There is the opportunity for new guidelines. Bringing practitioners together to share knowledge and experience to create consensus guidelines and discuss treatment protocols is a huge opportunity, if only the cost of doing it can be found. I hope that the British Sarcoma Group can rise to this challenge.

So the next three years will be very interesting. We have a new government promising that the NHS will have new funding. NHS England is starting to look better organised. NICE will remain largely unchanged and with questionable influence. CQC is making waves. Cancer Peer Review is being revitalised. Yes, we might (hopefully) have a practicable process for evaluating and funding new drugs. In all this I want so see sarcoma MDTs working more closely together with some more formal networking and I do believe that we will see an improvement in outcomes for sarcoma patients.

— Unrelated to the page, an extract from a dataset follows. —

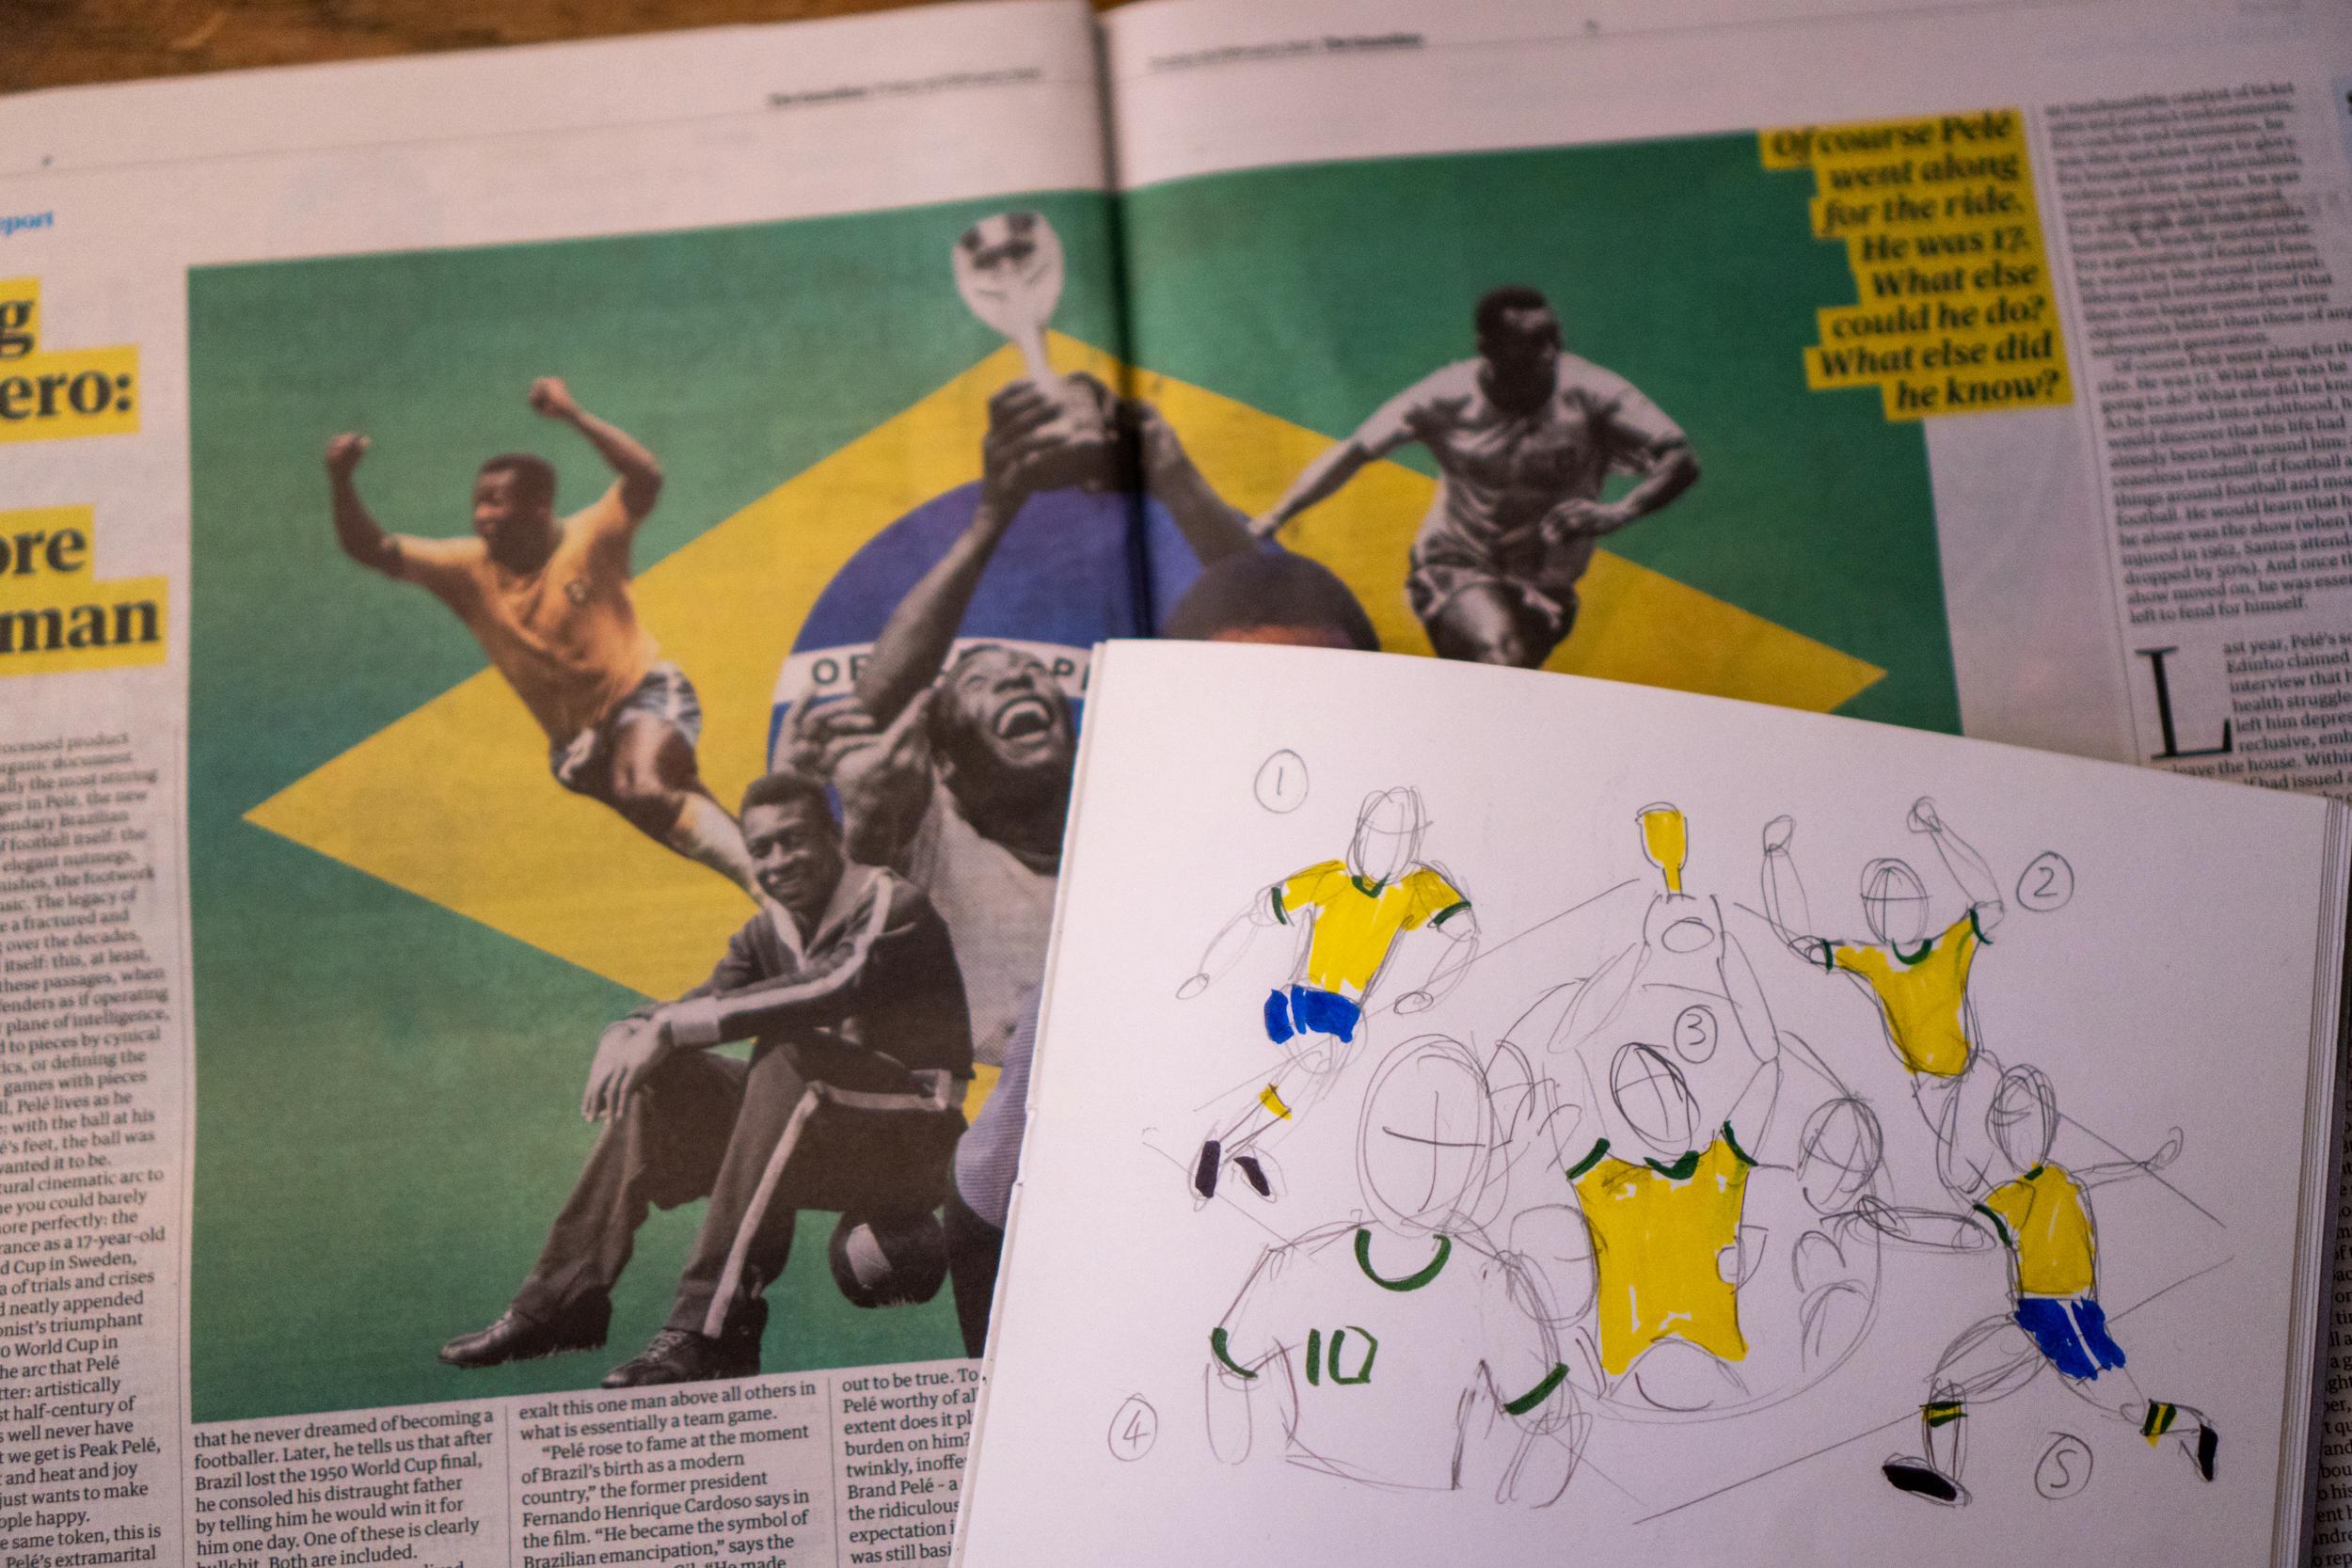 The Guardian Pele composite image

The NICE Quality Standard for Sarcoma can be found here:

https://www.nice.org.uk/guidance/qs78

Cancer Peer Review – saved and empowered

Last autumn our local Cancer Care group in Shropshire had correspondence via our MP with a junior health minister about slipping cancer standards. The final letter was a bit of a wet afternoon, saying nothing we didn’t already know, and promising nothing better in performance in the future.

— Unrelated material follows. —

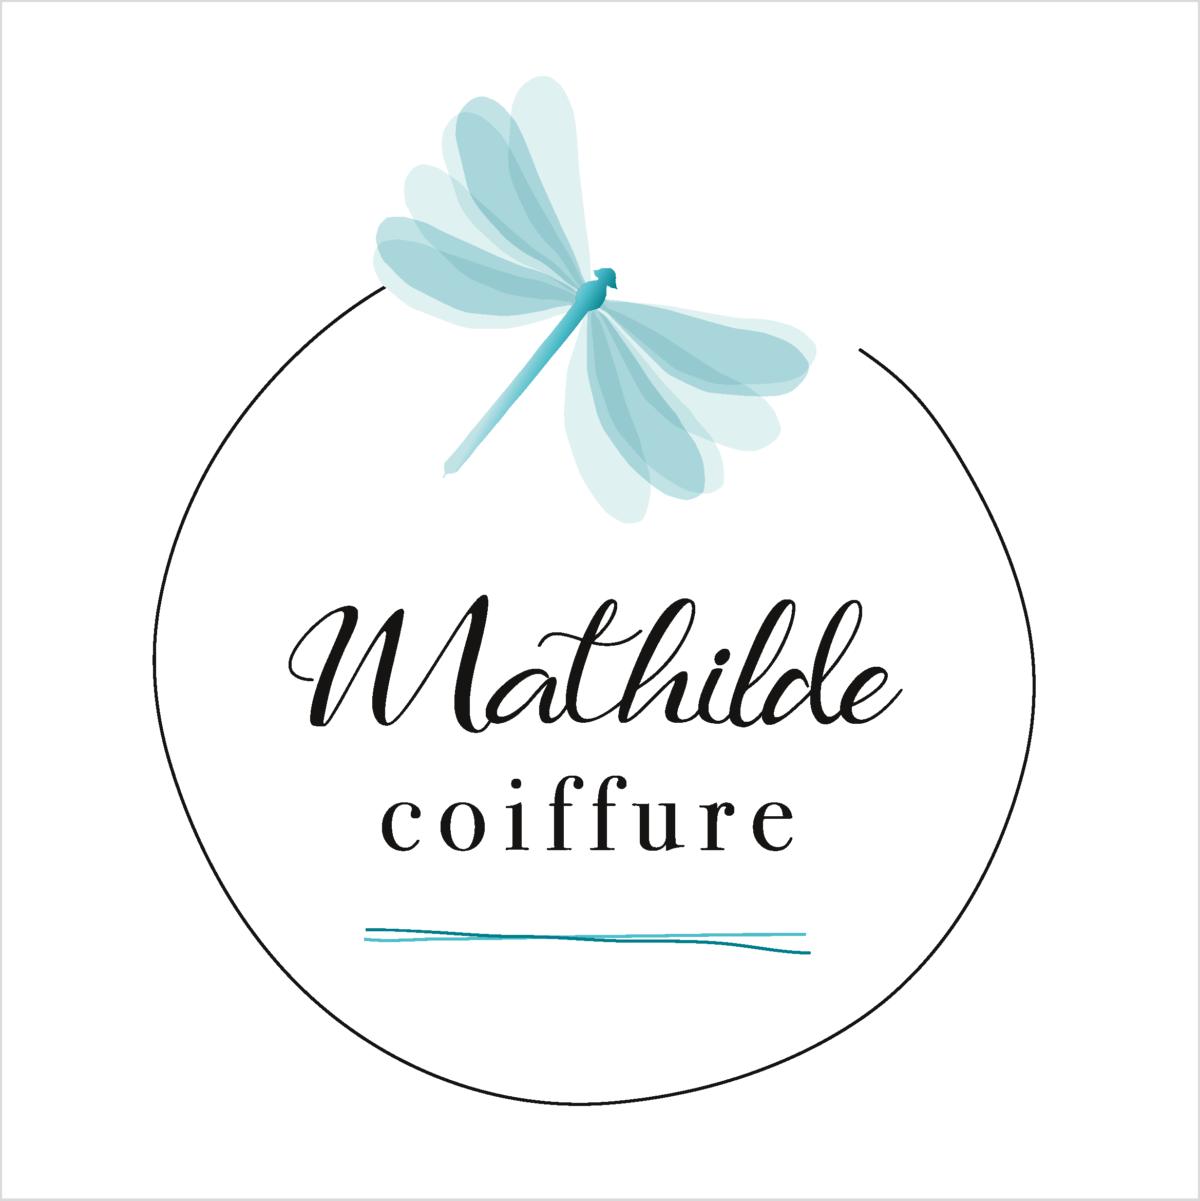 Mathilde coiffure identité graphique

Then it seems the Government woke up. There came the realisation that there was a General Election looming, that cancer killed more people than anything else did, and that because just about everyone knows someone with cancer the combination of “NHS and cancer” could be quite interesting.

So some important things have happened.

It doesn’t get publicised but Cancer Peer Review has been saved. Under threat for most of the last year this simple term covers one of the most important processes in the management of cancer treatment. It provides a method by which sarcoma multi-disciplinary teams (MDTs) self-assess and make that performance data publicly available. They have to reflect and review, become self-critical, identify areas for improvement etc. In the first year of the cycle their musings are checked over and agreed (or modified) by their own Trust. In the second year they have a visit from a team of external peer reviewers, including visiting patients, who check and question. Their report is important because the survival of that MDT can depend on it.

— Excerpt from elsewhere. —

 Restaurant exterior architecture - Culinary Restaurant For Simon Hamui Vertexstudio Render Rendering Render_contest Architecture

In the world of sarcoma the MDT established at Hull has been closed down after Peer Review. The reason is that an MDT should discuss a minimum number of 100 new patients each year and their total was more like 40. The reason for the target number is to ensure that surgical experience grows. New patients are now being referred to Leeds and plans for the follow-up of existing patients have been made.

So Peer Review gave us the assurance that our MDTS met certain standards. We may argue with some of those standards (there are over 30) and wish for more. That’s not going to happen – the workload must be controlled. They will change and the number will fall.

It seems strange that a national programme of clinical peer review should ever have been under threat. We have a growing volume of up to date outcomes data from the National Cancer Information Network (NCIN) which provides unarguable information with which to correlate MDT self-assessments. It needs careful analysis and checking, sometimes it is too easy to come to an erroneous conclusion. We understand that the programme will be revising its methodology to include greater use of clinical outcomes data. I am certain there will be fewer criteria in the self-analysis as well.

To reflect this change the Cancer Peer Review team is being rebadged as the Quality Surveillance Team. Another superficial title change with which the new NHS seems to paint itself, However I welcome what lies behind it because Quality Surveillance will report to NHS England Specialist Commissioning, indicating that it will be able to generate change.